Foundation in France

The GoodPlanet Foundation is a non-governmental organization founded by Yann Arthus-Bertrand in 2005, supporting ecology and sustainable development.

== Activities ==
The GoodPlanet Foundation is mainly concerned with the distribution of pedagogic documents and the organization of events for raising awareness of the importance of sustainable development such as the ecology film-festival "GoodPlanet" in Rio de Janeiro, the exhibition "6 billion others", conferences and events for enterprises.

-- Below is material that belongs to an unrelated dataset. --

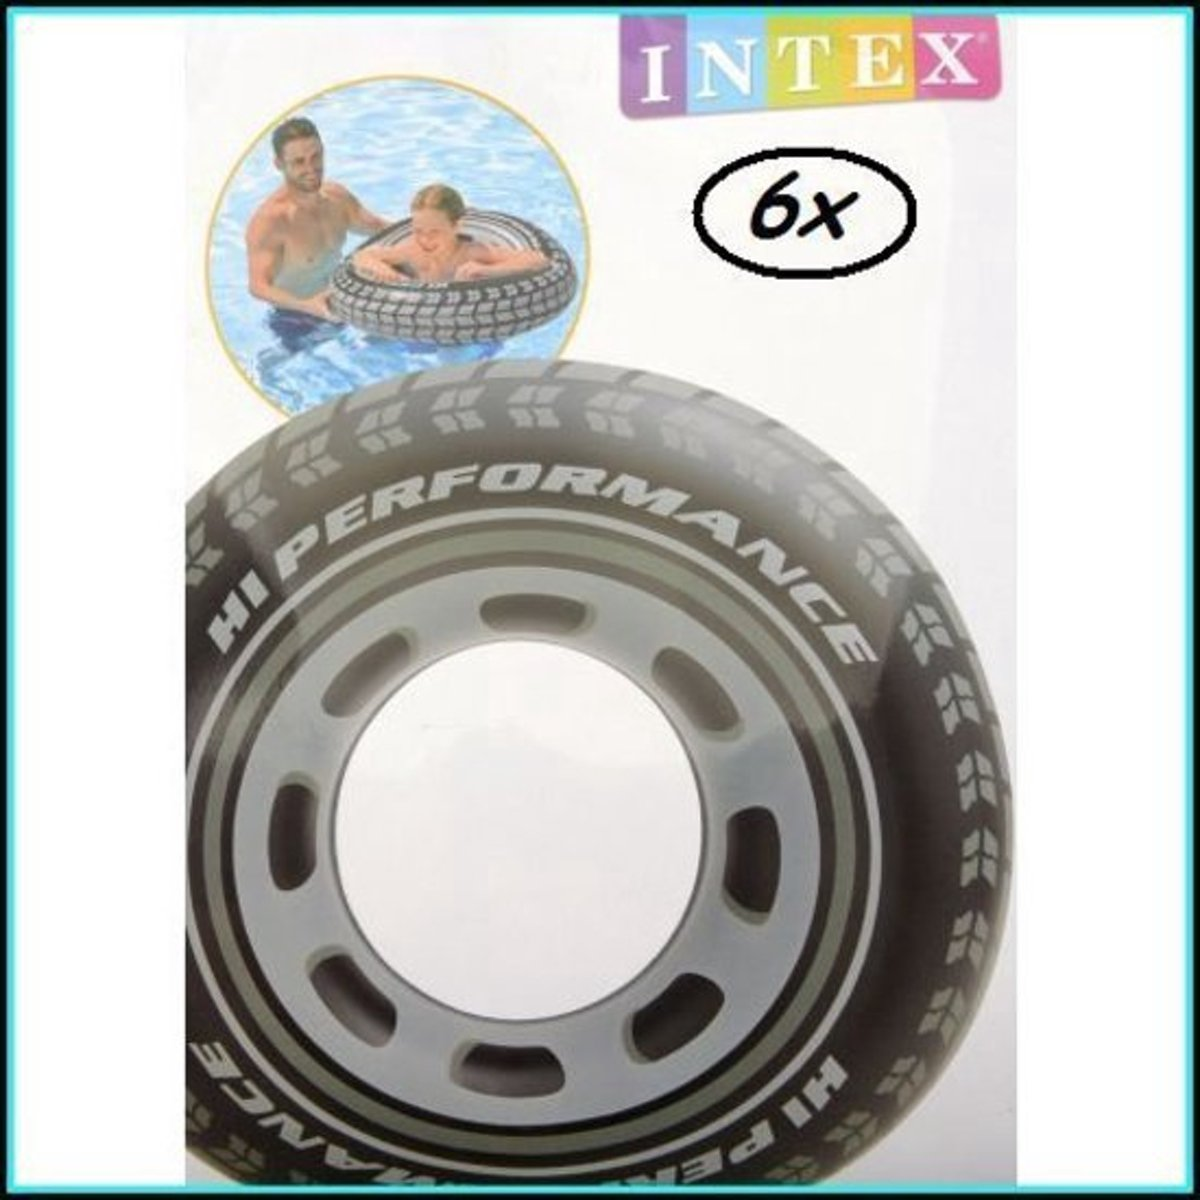 6x Intex Giant Autoband - Zwemband - 91 cm

It creates posters for educational institutions about topics such as the Bee Movie development, bio-diversity, and forests. It publishes a catalog of consumer products it considers environmentally responsible.

It also organizes its activities through websites. It leads actioncarbone.org, a stock promotion program aimed at reducing emissions of greenhouse gases, which includes a service offsetting CO_{2} emissions. It also manages the site, goodplanet.info, established in 2009, which is an educational website aimed at informing the public about sustainable development. It finances school projects and environment-conservation projects.

In 2009, the mayor of Bordeaux, Alain Juppé, was elected Vice-President of GoodPlanet. It handled the international distribution of Human which premiered on 12 September 2015.

In 2011, the GoodPlanet foundation was quoted in a parliamentary information report by deputies Geneviève Gaillard and Jean-Marie Sermier, asking for more transparency from environmental associations. They question in particular the fact that the foundation supported Qatar's candidacy for the organization of the 2022 FIFA World Cup.